Fema promove integração de projetos em parceria com a UENP

A parceria entre a UENP e a Fema surgiu após pesquisas e trabalhos na área da infância e juventude

Prestigiaram o evento o diretor da Fema, Prof. Me. Eduardo Vella, e o coordenador do curso de Direito Prof. Me. Gerson Beneli.

A Fundação Educacional do Município de Assis – Fema sediou, no último dia 23, uma reunião de trabalho com o intuito de promover a troca de experiências acadêmicas entre seus alunos e professores e os da Universidade Estadual do Norte do Paraná – UENP. Na ocasião, reuniram-se alunos e professores dos cursos de Direito e de Comunicação Social da Fema, e do curso de Letras da UENP. A reunião faz parte das ações previstas no Projeto de Extensão “Ação e Regeneração do Espaço Jovem” realizado pela UENP em parceria com outras instituições, entre elas, a Fema.

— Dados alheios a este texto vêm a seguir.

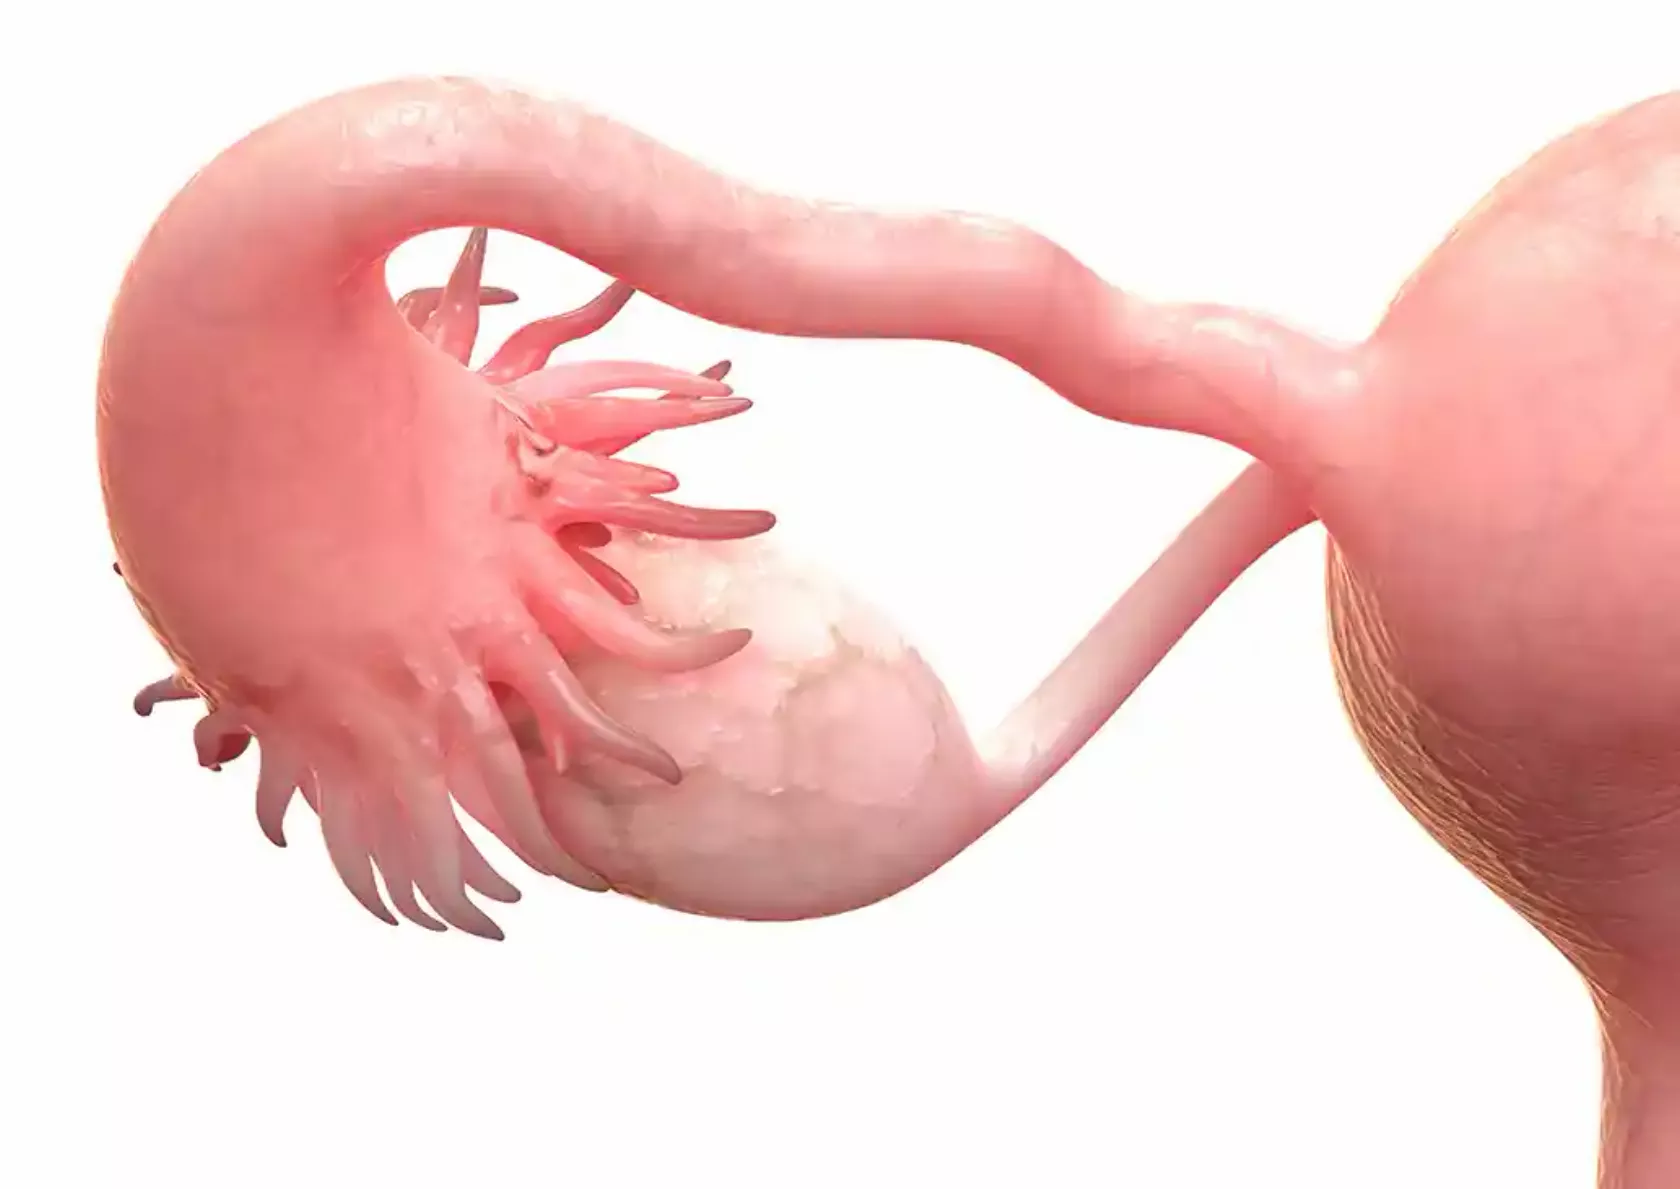 Anatomisches Modell: Ovar mit Adnex

A parceria entre a UENP e a Fema surgiu após pesquisas e trabalhos na área da infância e juventude realizados em conjunto pelo Prof. Dr. Thiago Alves Valente e pela Profª Drª Eliane Aparecida Galvão Ribeiro Ferreira. O projeto em questão recebe financiamento do Ministério da Educação (MEC), por meio de sua Secretaria de Ensino Superior e Pró-Reitoria de Extensão (SESu/PROEXT). Seu principal foco é o trabalho desenvolvido por uma Organização da Sociedade Civil de Interesse Público (OSCIP), o “Espaço Jovem Evolução”, responsável, em Cornélio Procópio-PR, por atender menores que cumprem medidas socioeducativas. O papel da parceria com a Universidade é a promoção de ações de diagnóstico, capacitação, elaboração de plano estratégico, bem como oficinas e atividades com as famílias dos atendidos. A proposta aprovada pela PROEXT/MEC tem como cursos basilares Letras e Direito, agregando docentes, graduandos e pós-graduandos em torno da problemática central que envolve os menores.

Há vários anos, a Fema tem incentivado o desenvolvimento de pesquisas científicas nas mais diversas áreas abrangidas por seus cursos de graduação. A participação dos alunos em Programas de Iniciação Científica, como PIC, PIBIC e PIBIT, tem proporcionado, ao longo do ano letivo, mais de quarenta  novas pesquisas. Além de desenvolver a vocação dentro da Instituição, a FEMA ainda tem buscado parcerias que promovam e incentivem novas pesquisas, como é o caso do trabalho conjunto com a UENP. Durante a reunião de trabalho, essa perspectiva mostrou-se aberta a um elemento que tende a se consolidar entre as políticas públicas das Universidades: o investimento em Extensão.

A Oficina realizada faz parte das ações do projeto da UENP e proporcionou espaço para apresentação de pesquisas e projetos nas áreas de Direito e Literatura.

A Oficina realizada no dia 23 faz parte das ações do projeto e proporcionou aos presentes um espaço para apresentação de pesquisas científicas e projetos extensionistas que envolvem as áreas de Direito e Literatura.

Para o Prof. Dr. Thiago, Coordenador do Projeto de extensão, é fundamental a aproximação da Universidade com a comunidade, integrando ações que promovam conhecimento acadêmico e práticas sociais.  No Projeto desenvolvido por alunos bolsistas da UENP, campus de Cornélio Procópio e de Jacarezinho, a Fema colabora com a participação dos seus professores na capacitação por meio de oficinas e encontros. Para o Coordenador, o objetivo é que esta parceria fomente novas pesquisas e núcleos de estudos interligados entre as instituições, de maneira que beneficiem os trabalhos e conhecimentos dos alunos de graduação das instituições de ensino envolvidas, fomentando projetos de Extensão de maior amplitude.

Sobre a participação dos professores da Fema no desenvolvimento do Projeto, o Professor da UENP afirmou que a Fundação oferece o que ele considera fundamental a qualquer projeto institucional, que é a valorização do docente, o conhecimento intelectual. E segundo ele, toda carga e experiência resultante disto fomenta um trabalho em rede que tem sido uma das tônicas das políticas públicas de ensino superior, nos últimos tempos.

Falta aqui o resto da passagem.